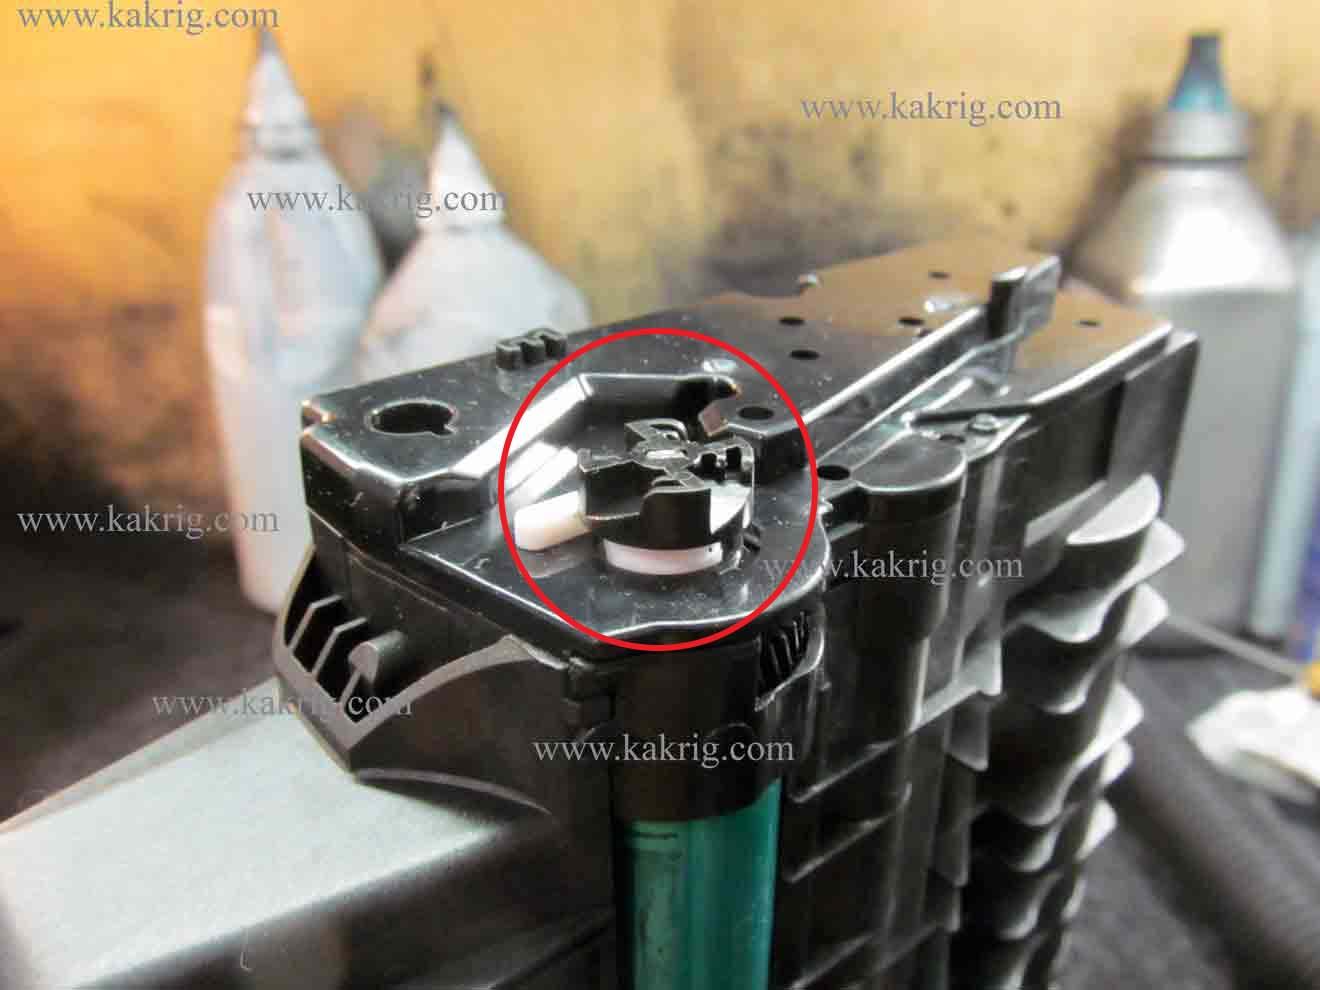 инструкция по разборке мфу samsung scx-4220
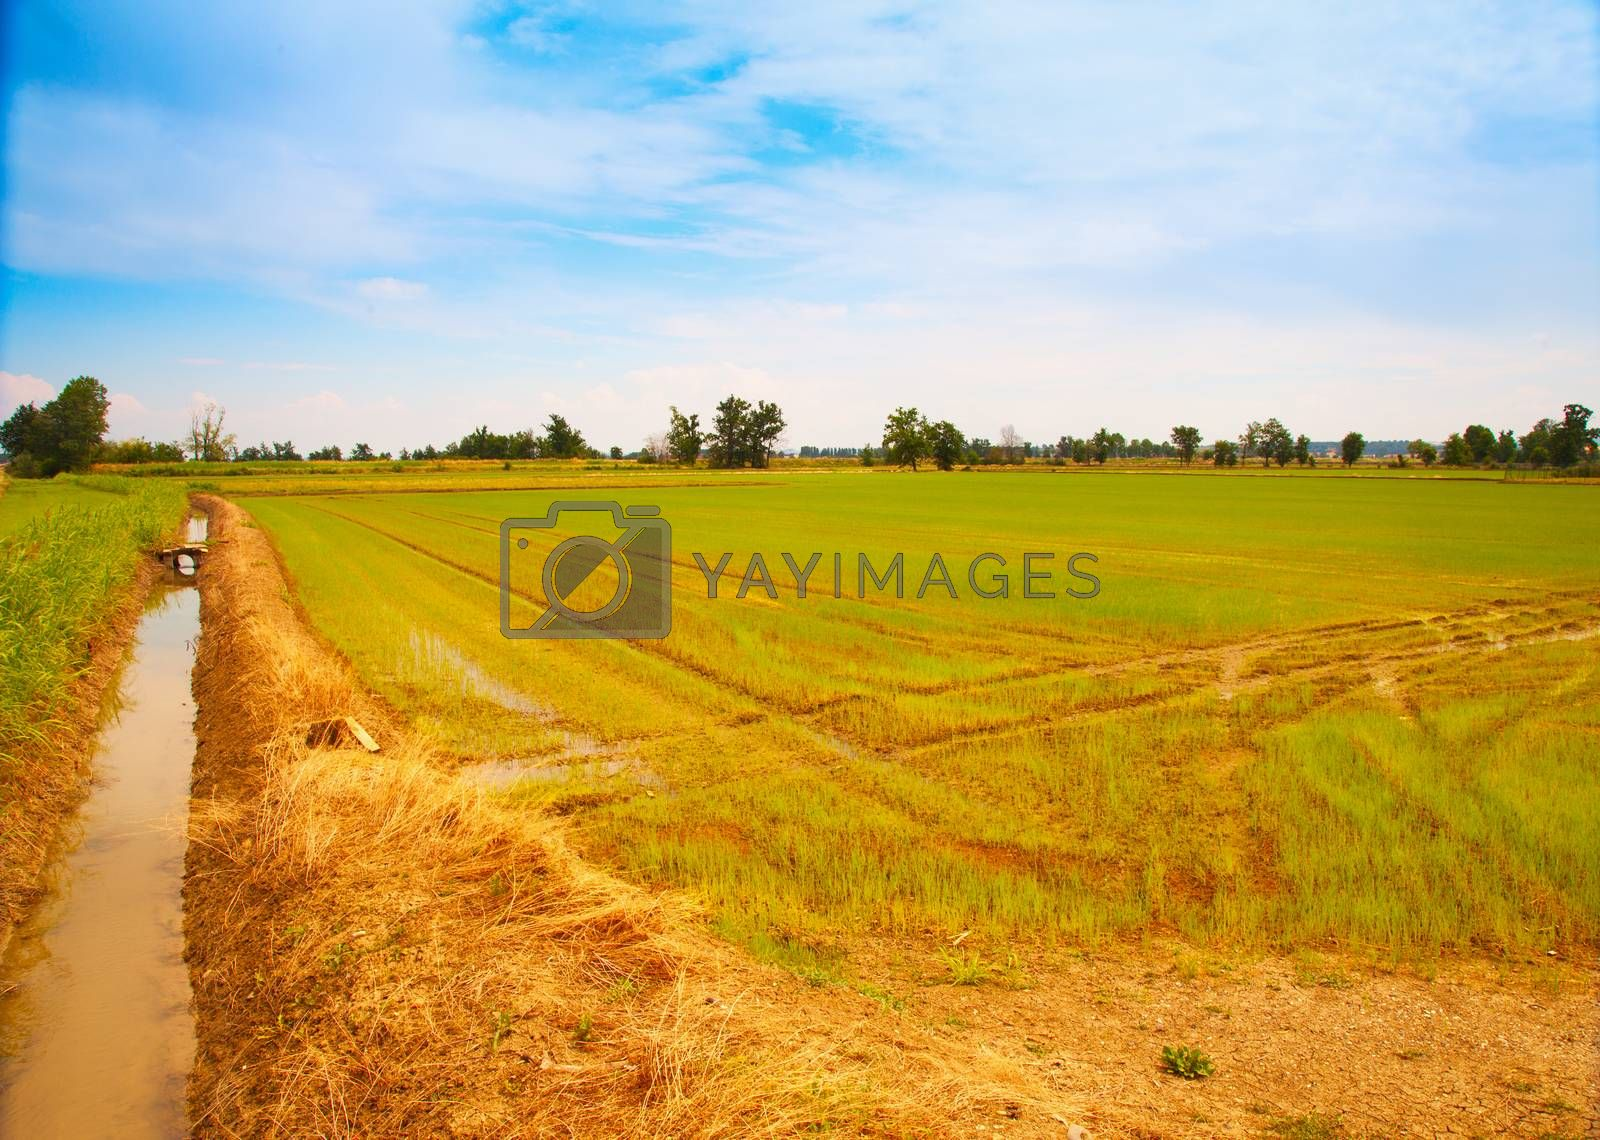 Panorama by Koufax73
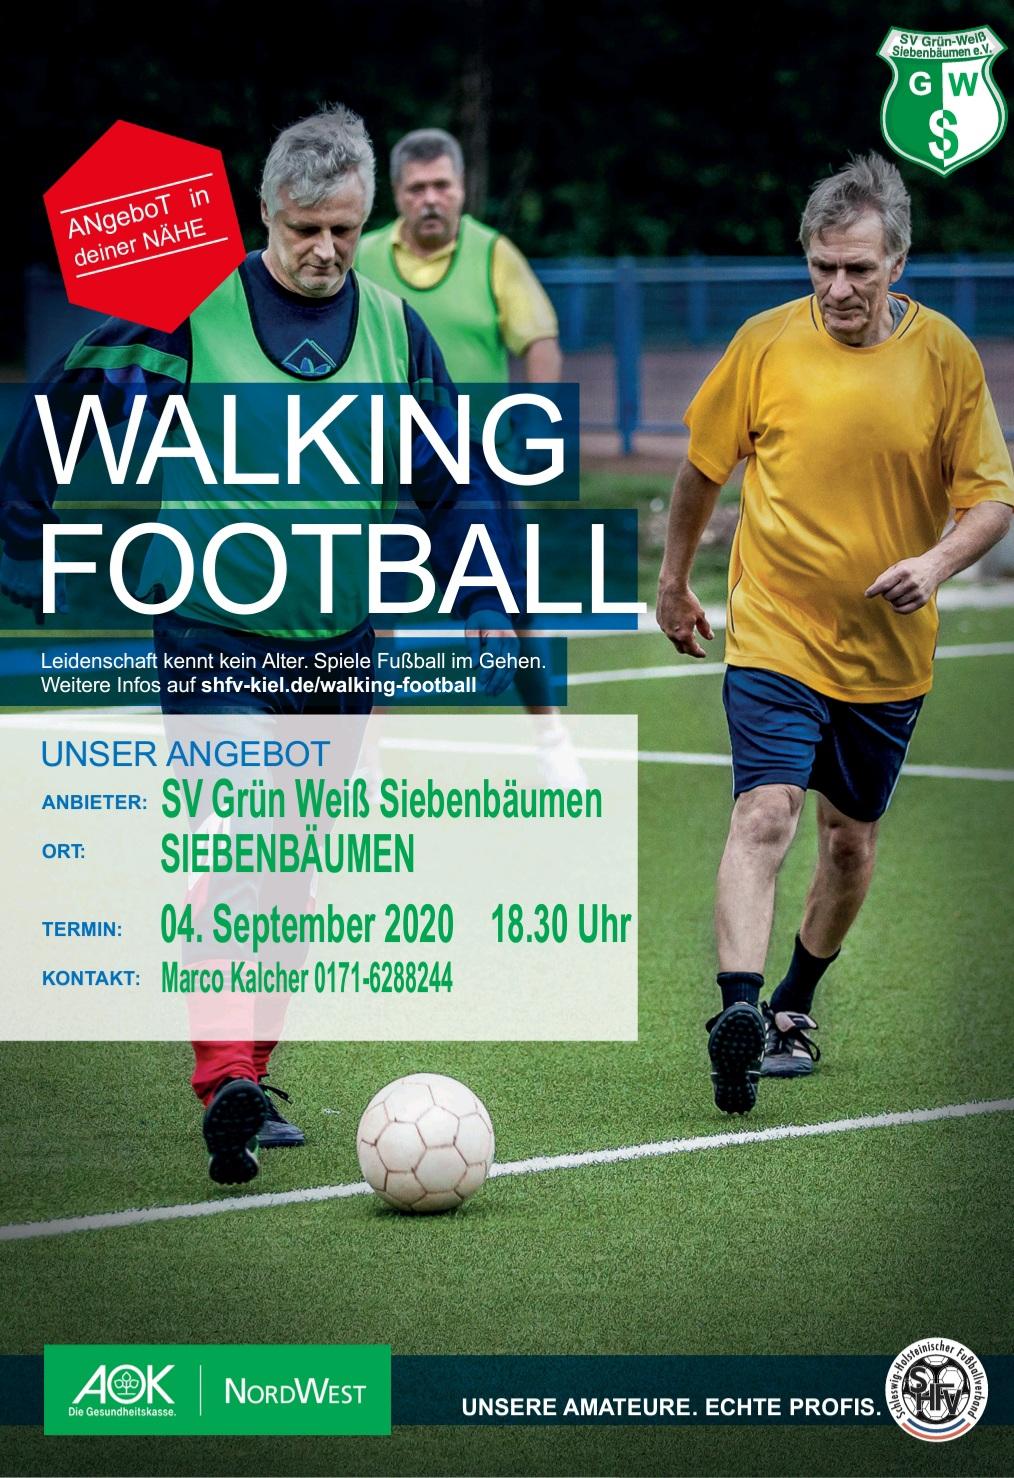 Walking Football (geh Fussball) beginnt in Siebenbäumen

_Activity_:
Repeat the data exactly. No pictures should appear.

_Response box_:
 инструкция по разборке мфу samsung scx-4220
 Panorama by Koufax73
 Walking Football (geh Fussball) beginnt in Siebenbäumen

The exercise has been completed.